>>
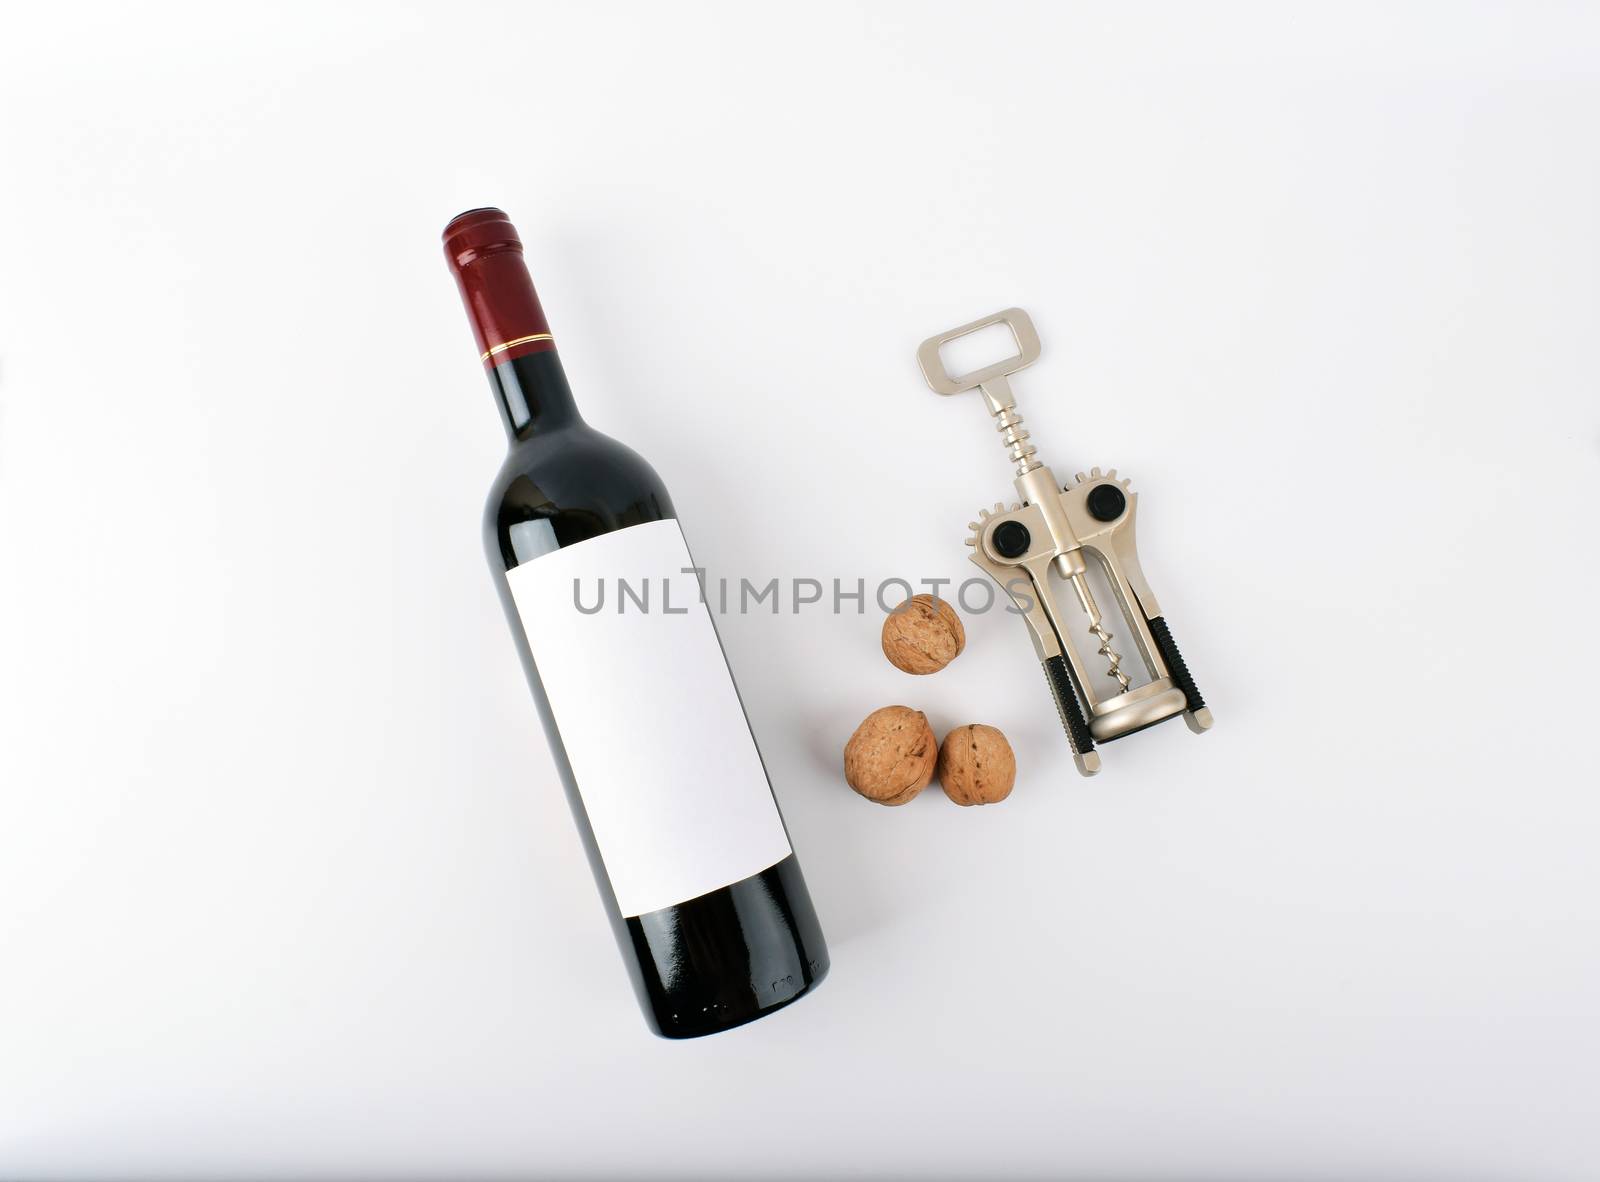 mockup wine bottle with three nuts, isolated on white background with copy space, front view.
<<
>>
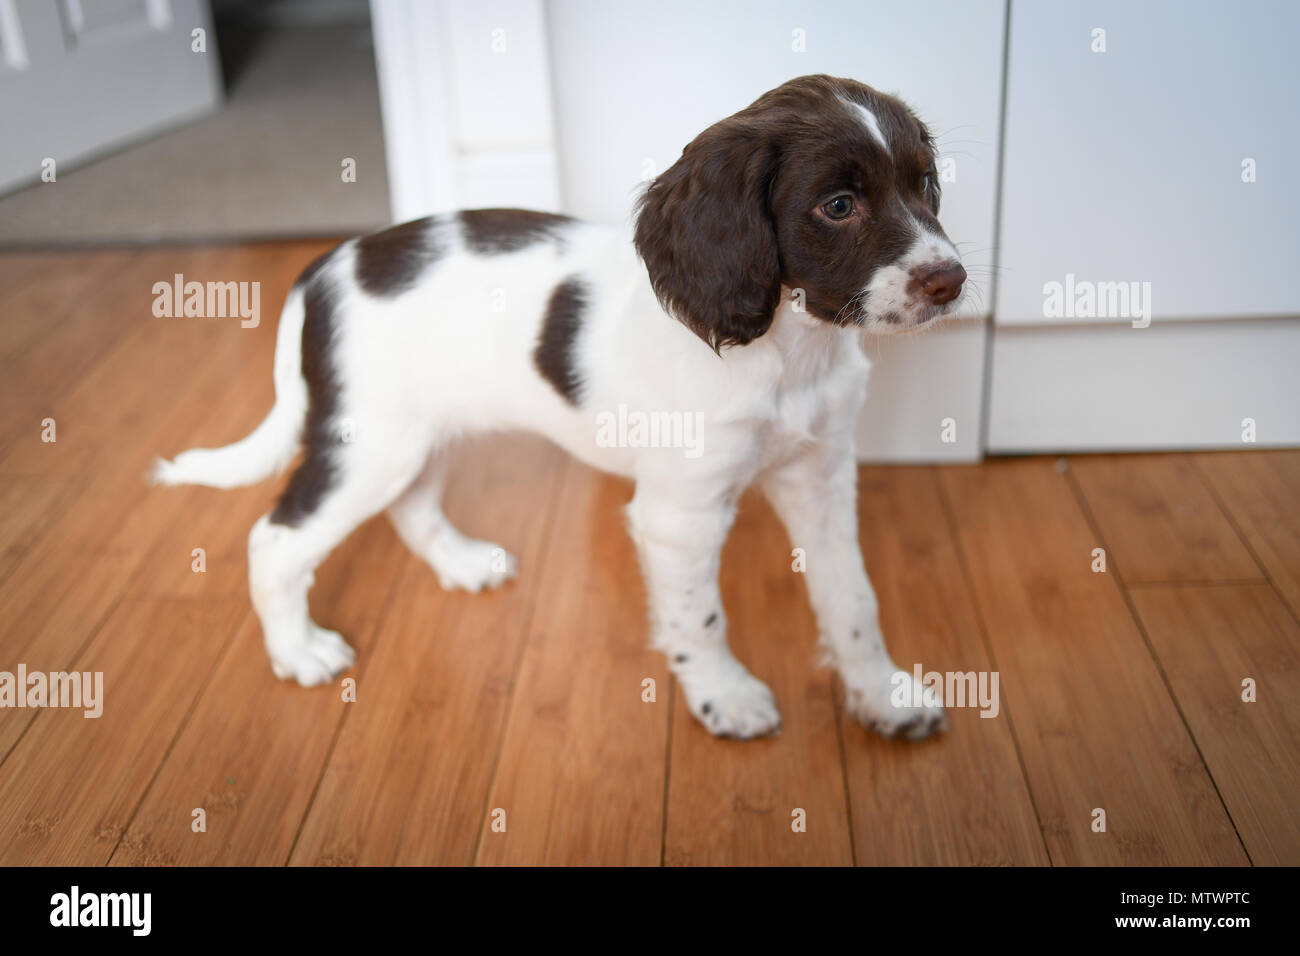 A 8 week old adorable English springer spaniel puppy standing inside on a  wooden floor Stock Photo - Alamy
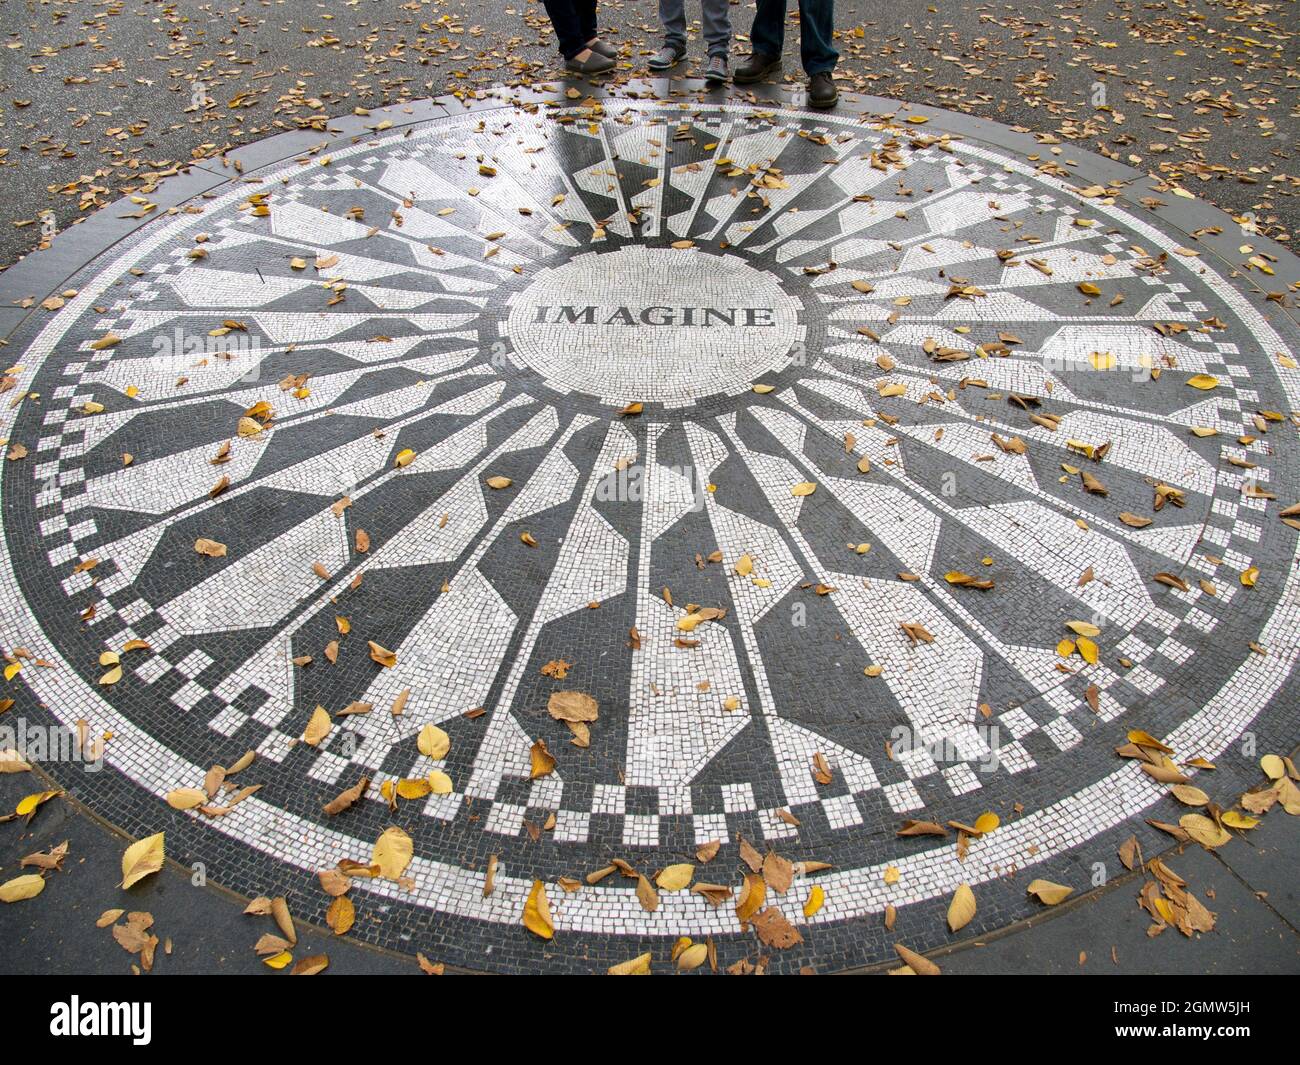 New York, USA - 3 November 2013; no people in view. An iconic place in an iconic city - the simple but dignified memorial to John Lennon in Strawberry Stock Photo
<<
**REQUIRED WORK**:
Beginning with the line that contains "A 8 week old", write out the lines of the material above exactly, and end with the line that contains "New York, USA". Omit the pictures.

**SOLUTION TO THIS TASK**:
 A 8 week old adorable English springer spaniel puppy standing inside on a  wooden floor Stock Photo - Alamy
 New York, USA - 3 November 2013; no people in view. An iconic place in an iconic city - the simple but dignified memorial to John Lennon in Strawberry Stock Photo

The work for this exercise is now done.